IF 1.6 Q3 MEDICINE, RESEARCH & EXPERIMENTAL Pub Date : 2025-12-01 DOI: 10.1186/s40814-025-01737-y
Jan Gehrmann, Johannes Stephan, Jana Dehner, Ananda Stullich, Matthias Richter

Background: Work-related health issues, particularly those affecting mental health, are increasing, leading to significant costs for health systems and impacting individuals' ability to work. Preventive interventions using digital health applications promise to mitigate these issues by promoting mental well-being and reducing risk factors.

Objective: The study aimed to pilot the new prevention intervention "RV Fit Mental Health" which combines an intensive inpatient phase with an app-supported digital outpatient phase. The primary objectives were to understand the target group, evaluate the acceptability and feasibility of the intervention, and identify areas for optimization based on participant feedback.

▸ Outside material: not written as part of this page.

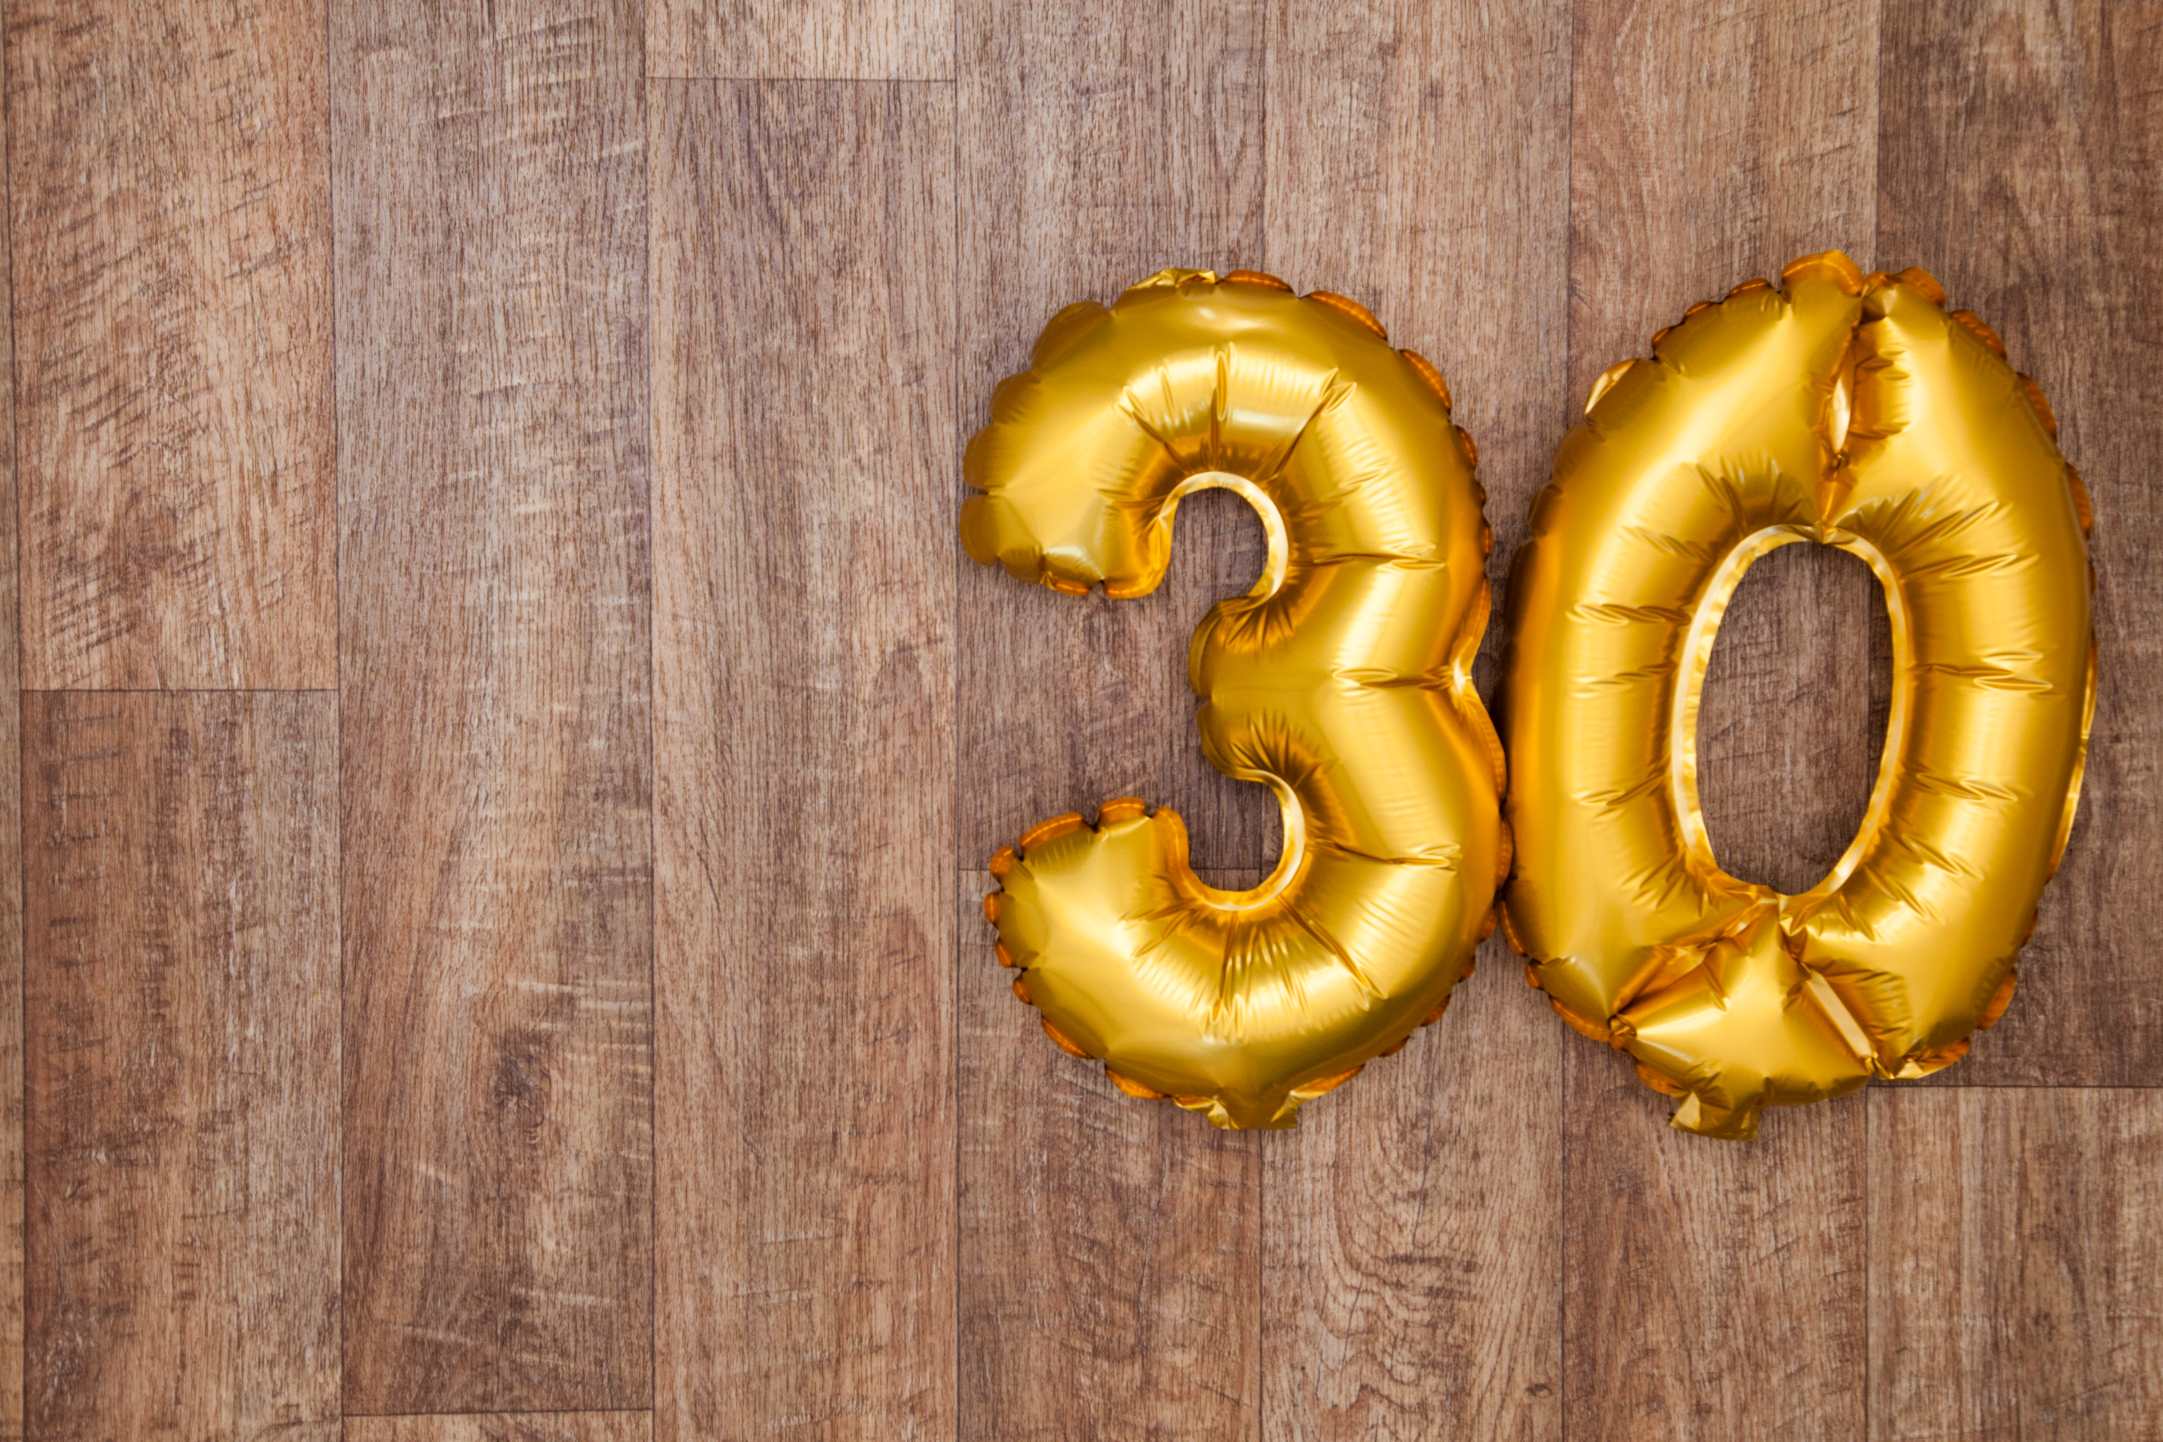 30 gold birthday/celebration balloon

Methods: A mixed-methods approach was employed, combining qualitative and quantitative data. Qualitative data were gathered from 18 participants through focus groups. Quantitative data were collected from 21 participants using various validated instruments, including the Work Ability Index (WAI), World Health Organization Quality of Life-BREF (WHOQOL-BREF), Depression Anxiety Stress Scale-21 (DASS-21), and eHealth Literacy scales. Data analysis was conducted using descriptive statistics and content analysis.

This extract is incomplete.